The process 500 can be setup to repeat on a defined time increment, e.g., every 1 minute, 2 minutes, 5 minutes, 10 minutes, 30 minutes, or the like. Operation 590 depicts the expiration of the defined time increment. For example, if the defined time increment is one minute, then one minute after t_n the process can start over again (indicated in operation 590 as time t_n=t_n+1).

Referring now to FIG. 12, in some embodiments, the controller device 200 can calculate the IOB information (refer, for example, to operation 530 in FIG. 11) using, at least in part, time-based models derived from pharmacodynamic data. As previously described, the IOB value of a user can include a bolus insulin load amount which may be determined using a time-decay model generated from pharmacodynamic data associated with the insulin stored in the cartridge 120. As shown by way of example in FIG. 12, the controller device 200 can utilize a time-decay curve (represented by curve 450), which is generated from pharmacodynamic data, to estimate the percentage of insulin remaining in a user's body after a particular period of time. It should be understood that the controller device 200 can be configured to utilize any one of a number of selectable time-decay curves (only one of which is depicted in FIG. 12 as curve 450) for purposes of estimating the percentage of insulin remaining in a user's body after a particular period of time. For example, the various time-decay curves that could be selected during programming of the controller device 200 for a particular user may include: curves with greater or smaller durations, linear approximations of the curve 450 shown in FIG. 12 or other similar curves, hybrid curves having a curve similar to curve 450 in a first region and then followed by a linear decay in a second region, or a customized linear approximation where the user or another person qualified to program the controller device 200 selects the slope (e.g., the rate of decay), the overall time of consumption, or the like.

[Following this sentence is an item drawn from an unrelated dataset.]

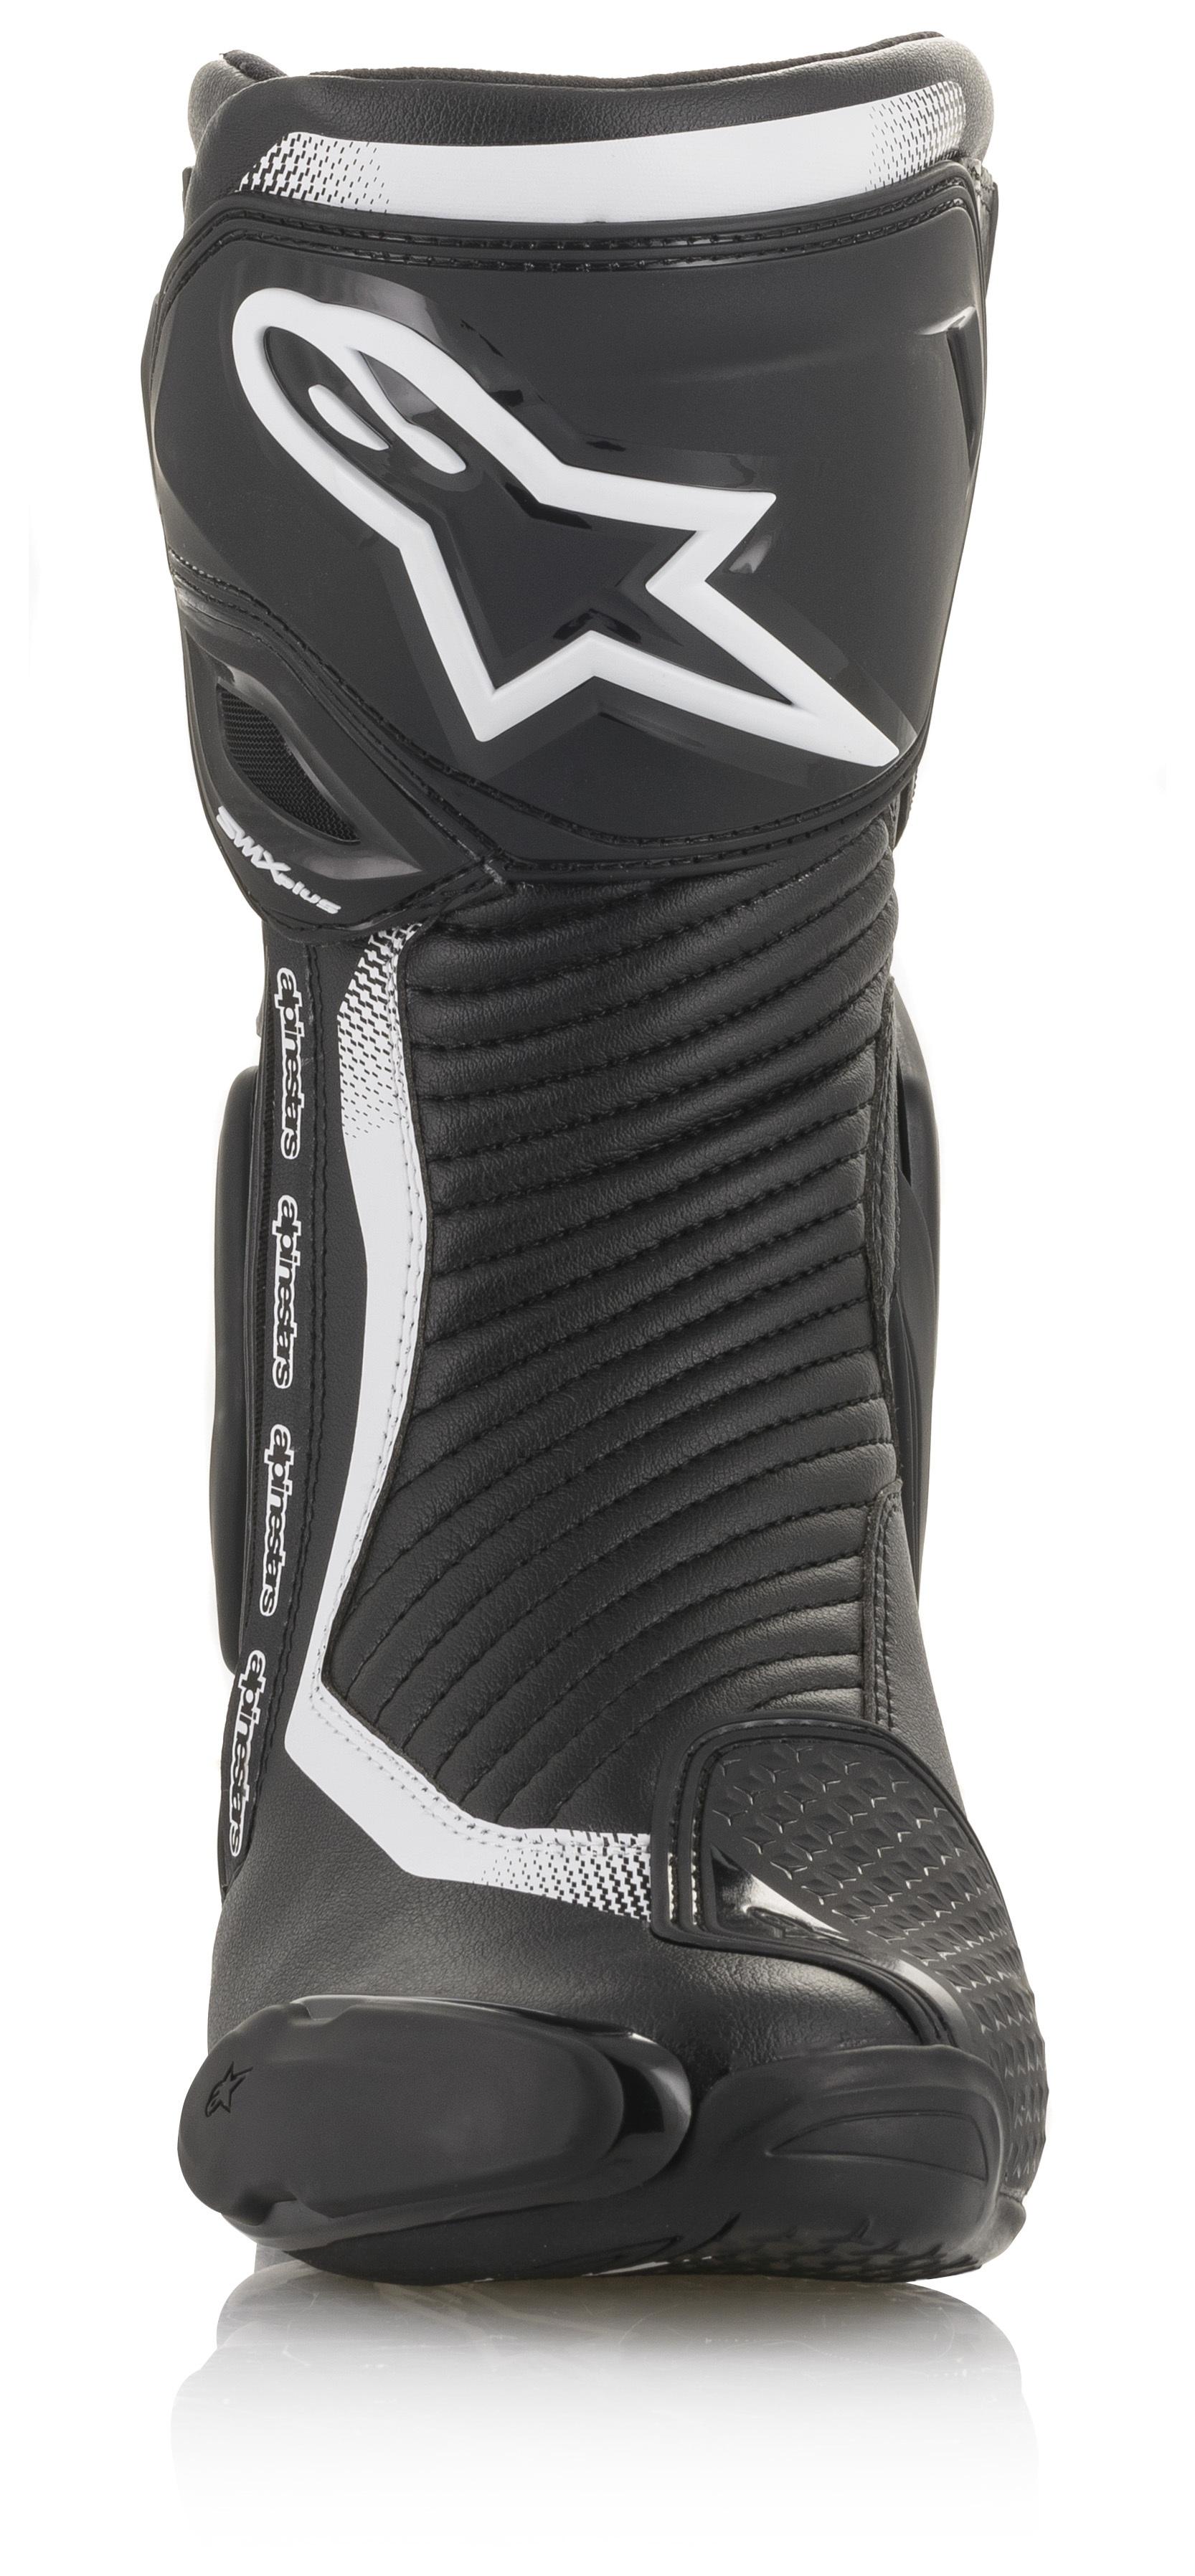 Alpinestars Stella SMX Plus v2 Boots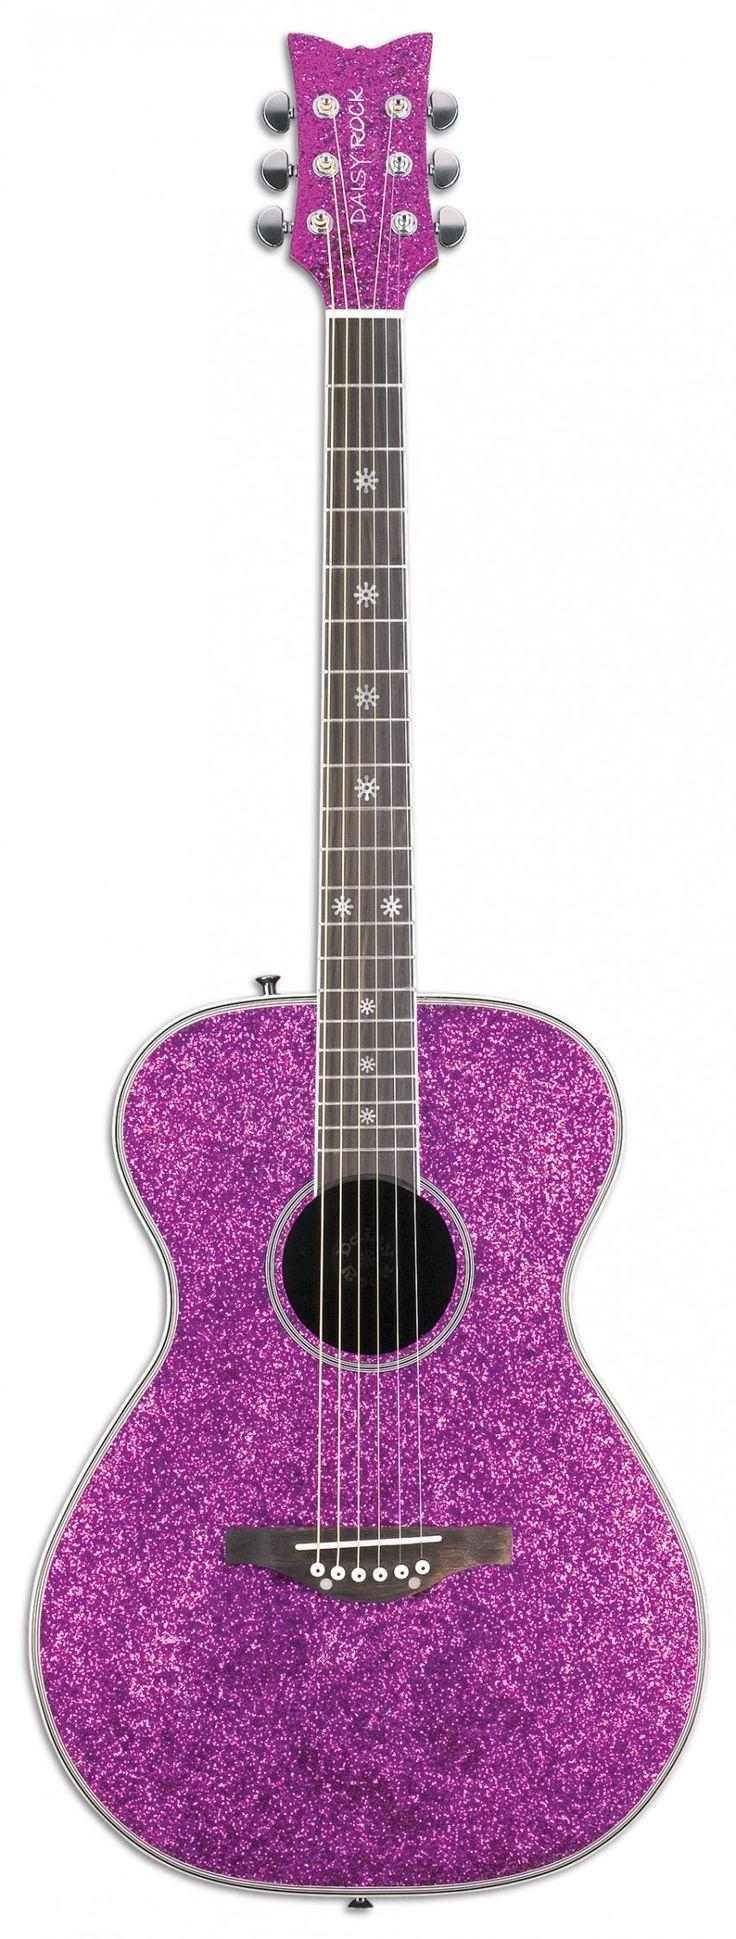 57 best images about acoustic daisy rock guitars on pinterest sparkle acoustic guitars and. Black Bedroom Furniture Sets. Home Design Ideas

Referring now to FIG. 13, a graph exemplifying a user's blood glucose levels as a function of time 600 is shown. In general, the graph includes past trend data of blood glucose readings 610, a blood glucose reading at current time t_n 620, and two example predicted blood glucose trends 630 and 640. This example of a user's past, present, and predicted blood glucose levels will be used to illustrate some of the benefits of including IOB and FOB (optionally) in a predictive blood glucose algorithm.

The past trend data of blood glucose readings 610 depicts the user as having a declining trend pattern of past blood glucose levels. A curve can be fit to the data 610 in order to help predict what the user's future blood glucose levels will be. For example, the past trend data 610 may indicate that the user's blood glucose level is declining at an average rate of −2 mg/dL per minute (as in the example calculation above). Knowing the past rate of decline, and combining it with a current blood glucose level can enable a prediction of future blood glucose levels.

A current (at time t_n) blood glucose level 620, represents the user's current blood glucose level. The graph depicts the current blood glucose level 620 as approximately continuing the trend of falling blood glucose levels to an extent that is similar to the pattern of past trend data 610. Therefore, one could expect that the trend of declining blood glucose levels would continue to decline at approximately the same rate in the future beyond time t_n. For example, if the user's blood glucose levels depicted by past trend data 610 and current level 620 are declining at an average rate of −2 mg/dL per minute, one could expect that in one minute after t_n the user's blood glucose level will become 2 mg/dL less than the current blood glucose level 620. Extending this example further, one could expect that in two minutes after t_n the user's blood glucose level will become 4 mg/dL less that the current blood glucose level 620, and so on.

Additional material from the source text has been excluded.